Nonlinear damping and dephasing in nanomechanical systems

Abstract

We present a microscopic theory of nonlinear damping and dephasing of low-frequency eigenmodes in nanomechanical and micromechanical systems. The mechanism of the both effects is scattering of thermally excited vibrational modes off the considered eigenmode. The scattering is accompanied by energy transfer of 2ℏω_0 for nonlinear damping and is quasielastic for dephasing. We develop a formalism that allows studying both spatially uniform systems and systems with a strong nonuniformity, which is smooth on the typical wavelength of thermal modes but is pronounced on their mean free path. The formalism accounts for the decay of thermal modes, which plays a major role in the nonlinear damping and dephasing.
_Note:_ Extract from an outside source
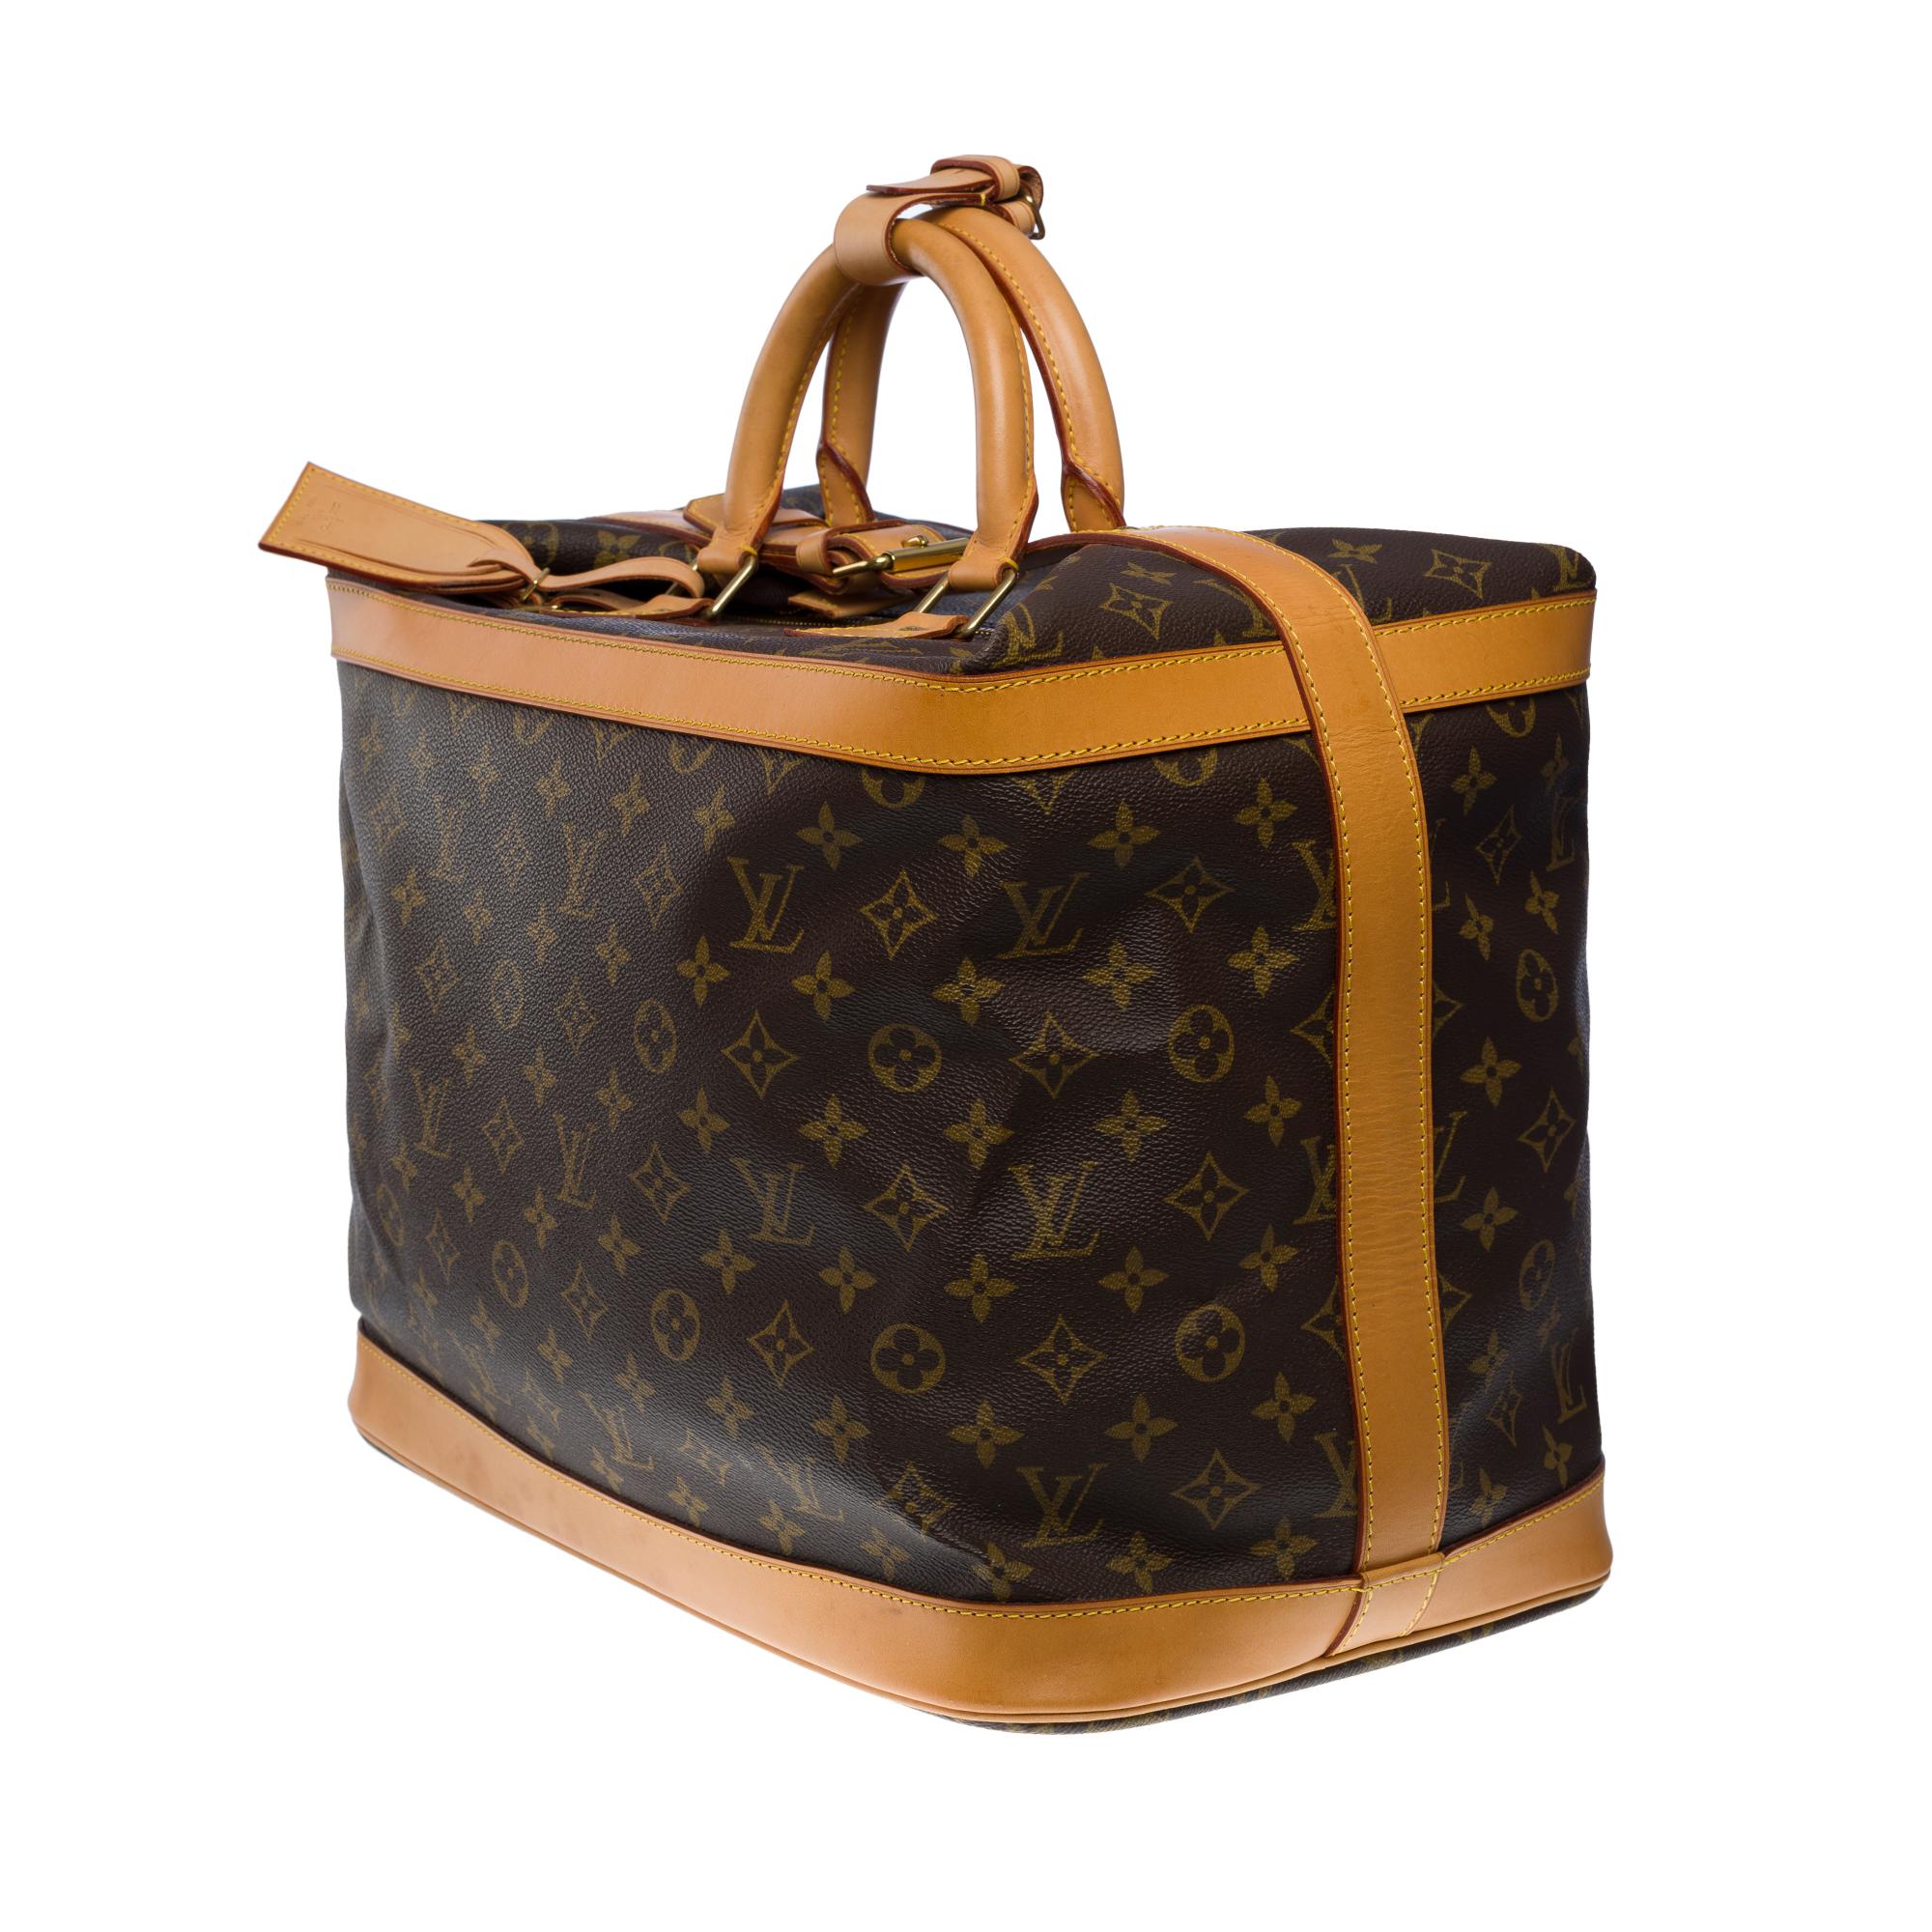 Women's or Men's Rare Louis Vuitton Cruiser Travel bag in brown Monogram canvas, gold hardware

We identify the nonlinear analogs of the Landau-Rumer, thermoelastic, and Akhiezer mechanisms and find the dependence of the relaxation parameters on the temperature and the geometry of a system.

Additional Information

© 2016 American Physical Society. (Received 28 September 2016; published 28 November 2016) J.A., T.K., and M.I.D. gratefully acknowledge partial support from U. S. Defense Advanced Research Projects Agency (Grant No. FA8650-13-1-7301). J.A. was also supported in part by the Institute of Mathematical Physics at MSU. M.R. and M.I.D. were supported in part by the National Science Foundation (Grant No. DMR-1514591).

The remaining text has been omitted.